Else pulled herself up and dropped onto
the bridge behind the spectators. She had studied a book that explained how to whistle in a dozen different ways, but every time Else tried it she couldn’t make a sound. She settled for walking up behind the two nearest men and cutting their throats. Their companions were still laughing when they turned to see what was happening. Else stepped over the bodies and buried a blade in the third man’s neck. With a jerk on the handle she pulled him between her and the fourth man as he fired a shotgun blast into his dying friend’s back.
The third man screamed, his blood spraying over Else’s face. The two men struggling with Rache scrambled to their feet, one of them pausing long enough to kick her in the face when she tried to stand up.
Else charged the shotgun man. The gurgling man with the blade in his throat stumbled and fell. Else left the blade behind and threw the second one. It spun, handle over curved blade, and hit the shooter in the face.

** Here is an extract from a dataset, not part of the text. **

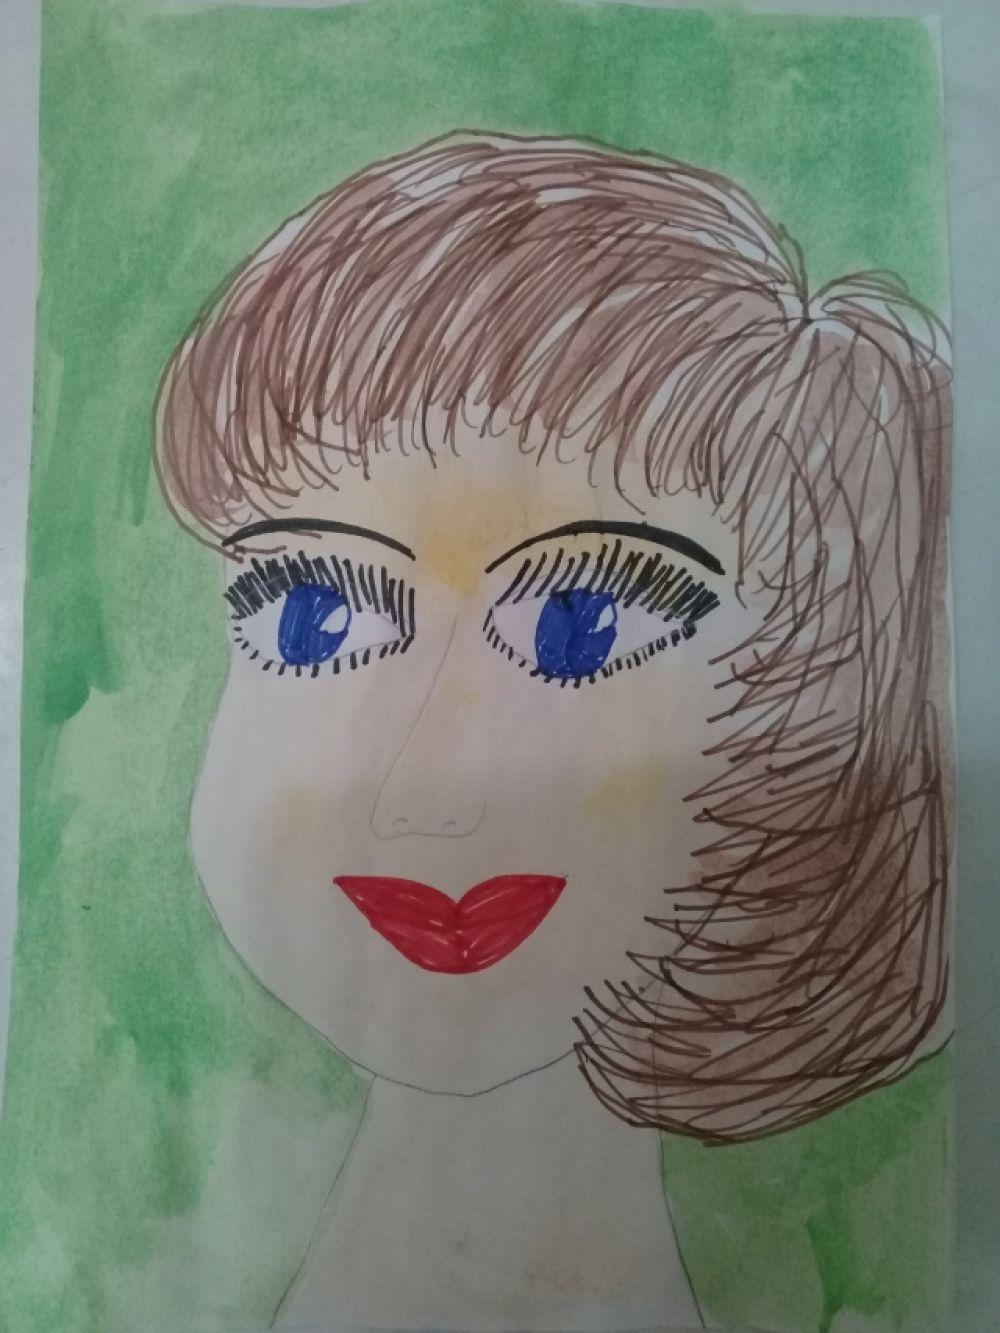 Участник №47. Зубкова Елизавета

“Fuck!” he yelled, the shotgun drooping as he clutched his broken nose.
Else snatched the blade off the ground and with an uppercut swing she slammed the point up through the man’s chin hard enough to burst it out the top of his skull. She scooped up the shotgun as it fell, turned on the balls of her feet, and fired from the hip. The blast sprayed shot over both the men bearing down on her, sending them spinning away screaming and bleeding from ragged wounds.
“You fuckers!” Rache screamed and kicked the nearest groaning casualty. “What the fuck is wrong with you people! We weren’t a threat! We weren’t trying to steal anything from you! But you fucking killed my friends! You fucking assholes!”
Else finished them off while Rache vented her fear and fury on the bodies. “Rache, we need to go. We have to find another way to cross the river.”
Rache stood shivering, her arms locked around herself while Else found a way to open the gate in the wall. They returned to the others in silence, Else guiding Rache over the vehicles and getting her settled in the backseat of the SUV.